Sunday, December 11, 2016

HOA LAW - Recent Decisions Support HOA Board of Directors



            HOA Board Meetings Are Legally Protected Activity

            In the recent decision of Nancy Ann Lee v. Silveira, the court of appeals ruled in favor of the 6 directors who were sued by 3 other directors on the board regarding the majority voting to approve the renewal of the HOA's management company contract, and approving a bid for construction of a roofing project.  The minority directors asserted a cause of action for declaratory relief and in effect, were attempting to have the court decide between the views of the two camps of directors on the board regarding the disputed HOA issues.
            The majority directors filed a motion under Code of Civil Procedure, section 425.16 (statute that provides for an "anti-SLAPP" motion against a Strategic Lawsuit Against Public Participation lawsuit) contending that the claim arose from an act in furtherance of a person's right of petition or free speech, which includes any written or oral statement or writing made in a place open to the public or a public forum in connection with an issue of public interest, or any other conduct in furtherance of the exercise of the constitutional right of petition or free speech in connection with a public issue or an issue of public interest.  
            The Court recognized that duly noticed board meetings of a HOA meet the statutory definition of a "public forum" within the meaning of the anti-SLAPP statute because they serve a function similar to that of a governmental body.
            The Court also recognized that the acts of the director defendants concerned matters of "public Interest" as defined by the statute.
            The acts complained of also involved director defendants' decisionmaking on "public issues" (i.e., the roofing project and the management contract) that divided the board.  The plaintiff directors complained that the defendant directors engaged in wrongful conduct as a result of how they voted in board meetings on the "public issues" affecting the HOA members.
            Because the defendant directors made a prima facie showing that the plaintiff's complaint arose from protected activity under the anti-SLAPP statute, the plaintiff's were required to show that their declaratory relief claim concerned an actual controversy involving justiciable questions relating to the rights or obligations of a party.   The Court concluded that the plaintiffs could not show an actual controversy on their claim that the majority block allegedly failed to obtain the necessary bids in connection with the roofing project or to renew the management contract.
            This case not only illustrates the extent to which dissident minority directors can feel so strongly about their opinions of board decisions that they will file legal action against the other directors, but it also confirms that the courts will enforce the protections provided to defendant directors when they are sued regarding their good-faith votes on HOA business during board of director's meetings.

            Homeowners Cannot Encroach On HOA Common Area Without Permission

            In the recent decision of Nellie Gail Ranch Owners Association v.

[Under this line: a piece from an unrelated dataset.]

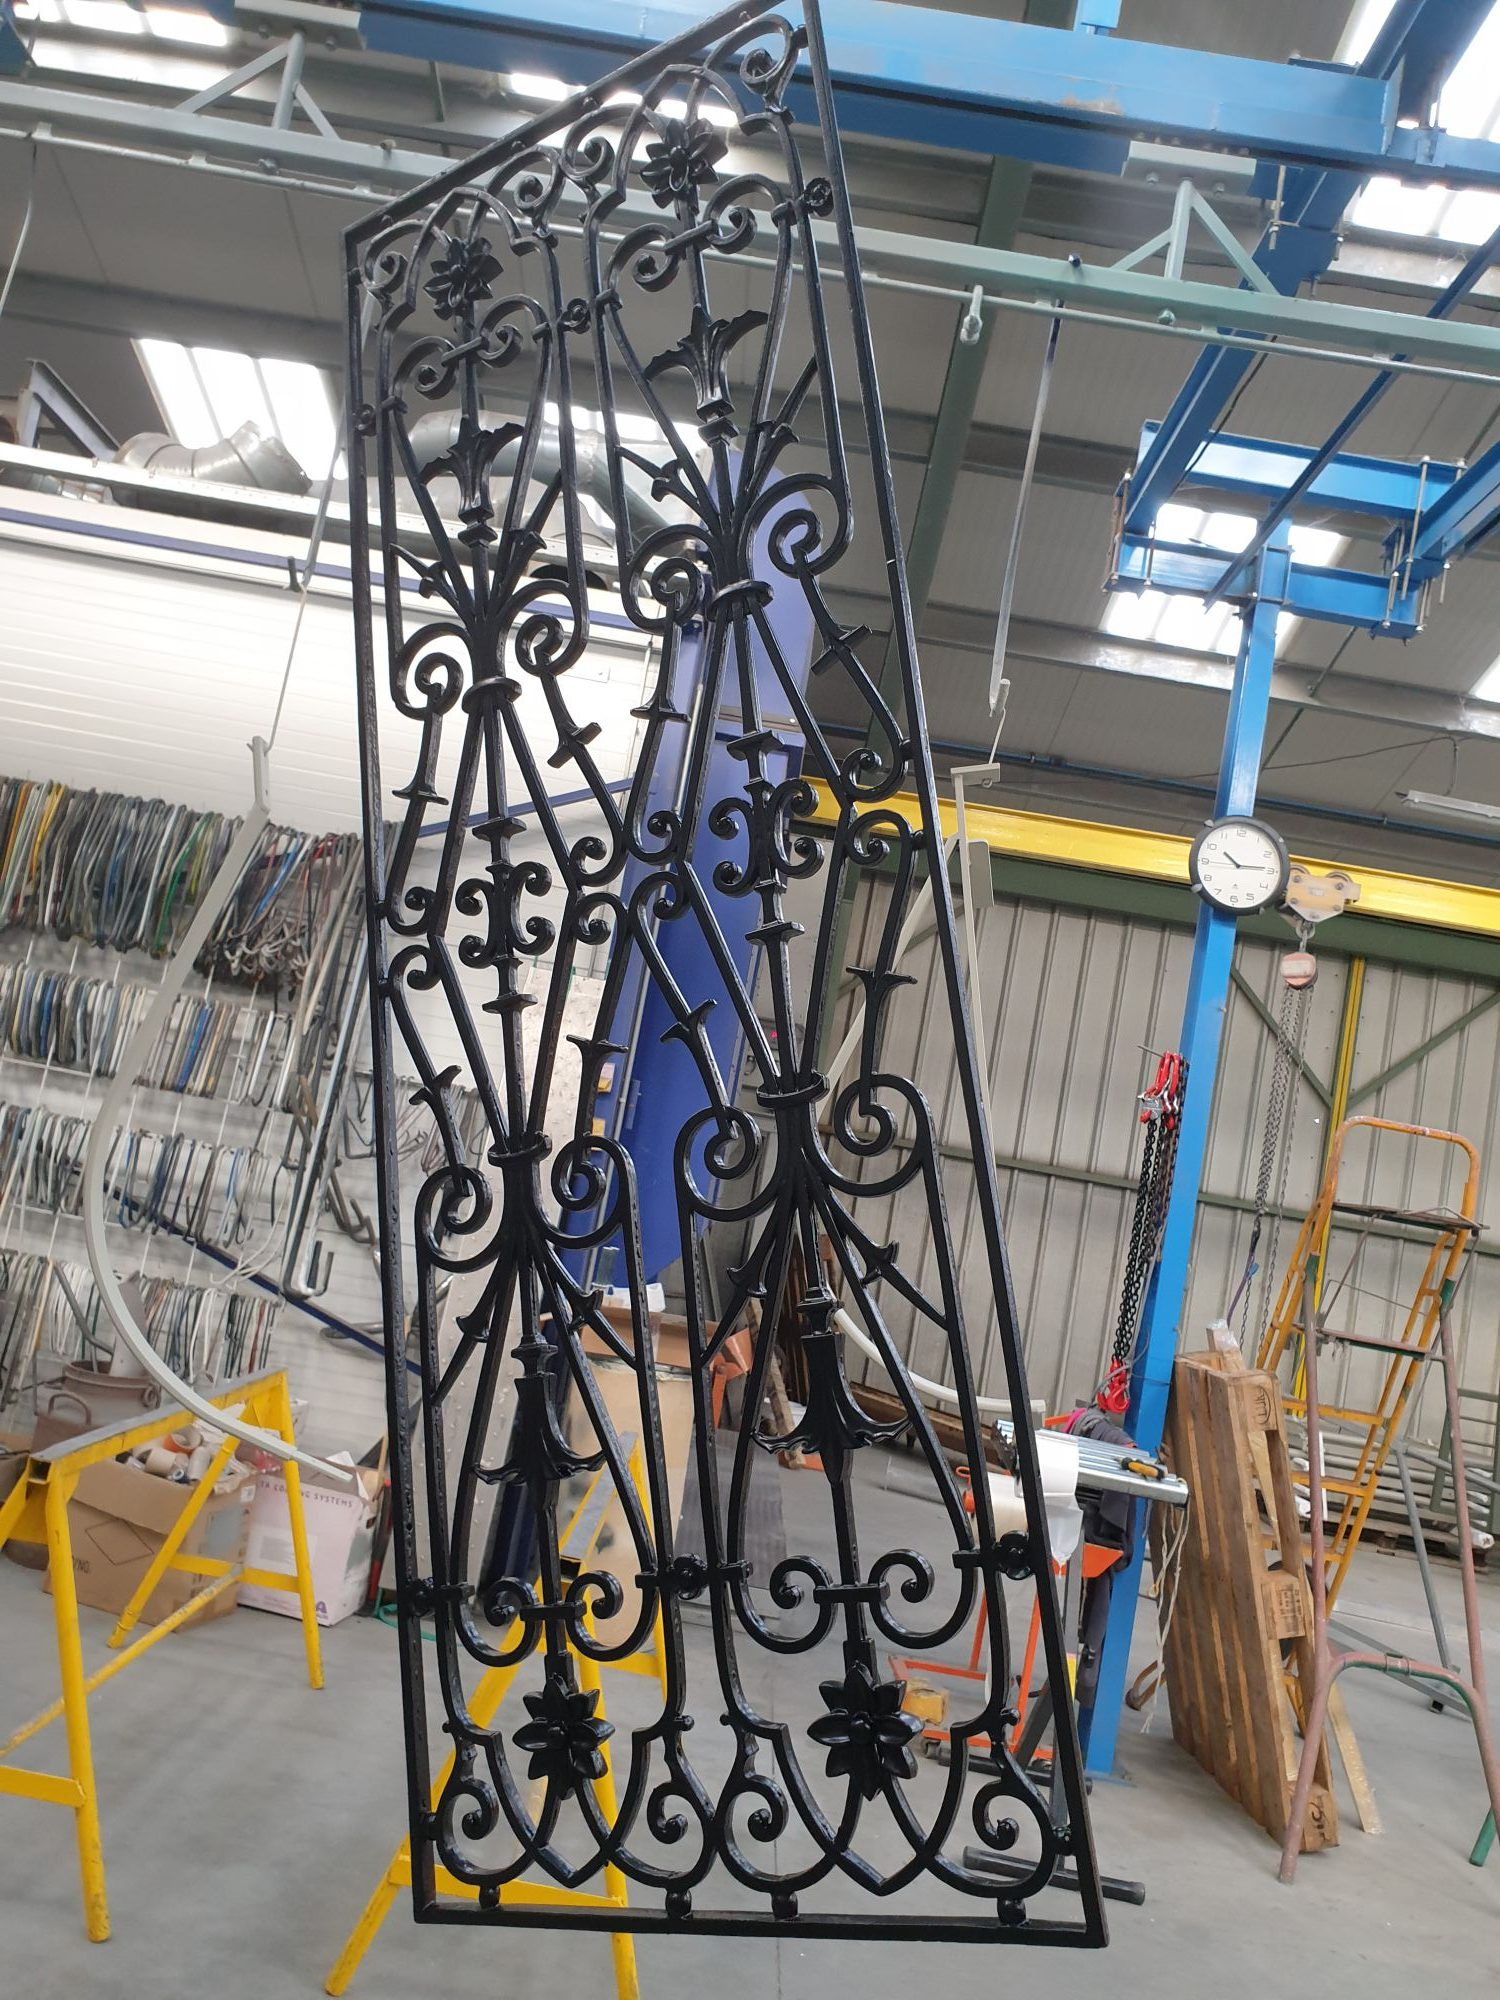 Rénovation et traitement objets métal 79, 85, 17

McMullin, the appellate court affirmed the trial court's judgment in favor of the Nellie Ranch HOA to:
            - quiet title in favor of the HOA to a portion of common area on which McMullin had built a retaining wall and other improvements without the written consent of the HOA as required by its CC&Rs and Architectural Review Committee Guidelines that required prior written approval before construction of significant alterations to any improvements on their property,     
            - require McMullin to remove the wall and improvements at his expense, and
            -  pay the HOA more than $190,000 in attorneys fees and costs.
            McMullin's claim of adverse possession was rejected, even though McMullin argued the common area had no value and no property taxes were assessed for it.  The court found that HOA common area's have value, and the taxes on the common areas was assessed to the individual property owners in the HOA consistent with the law concerning property taxes on common areas owned by HOAs (under Rev. & Taxation Code, section 2188.5), and because McMullin did not pay them for the disputed common area for a five-year period, he did not satisfy that essential element of the adverse possession claim. 
            Although McMullin requested an equitable easement because he preferred to pay monetary damages to the HOA and have his retaining wall remain, the court agreed that a mandatory injunction requiring McMullin to remove the encroachment in the form of the retaining wall and improvement was appropriate because McMullin did not act innocently by his failure to disclose the true nature of his building plans and he began construction knowing that he did not have the necessary approvals, and the balancing of the hardships greatly favored the HOA as McMullin's construction had denied the HOA the common area it previously owned free of any adverse claim from McMullin.

            This is a significant decision in favor of HOAs, and confirms that the courts will support HOAs in legal actions filed to uphold the CC&Rs and Architecture Rules, and will find civil liability against members who deceive the HOA and build on common area without written consent from the HOA.  Prudent members should be careful that they comply with the rules set forth in this decision, as it will likely be cited by HOAs in future litigation regarding these type of issues.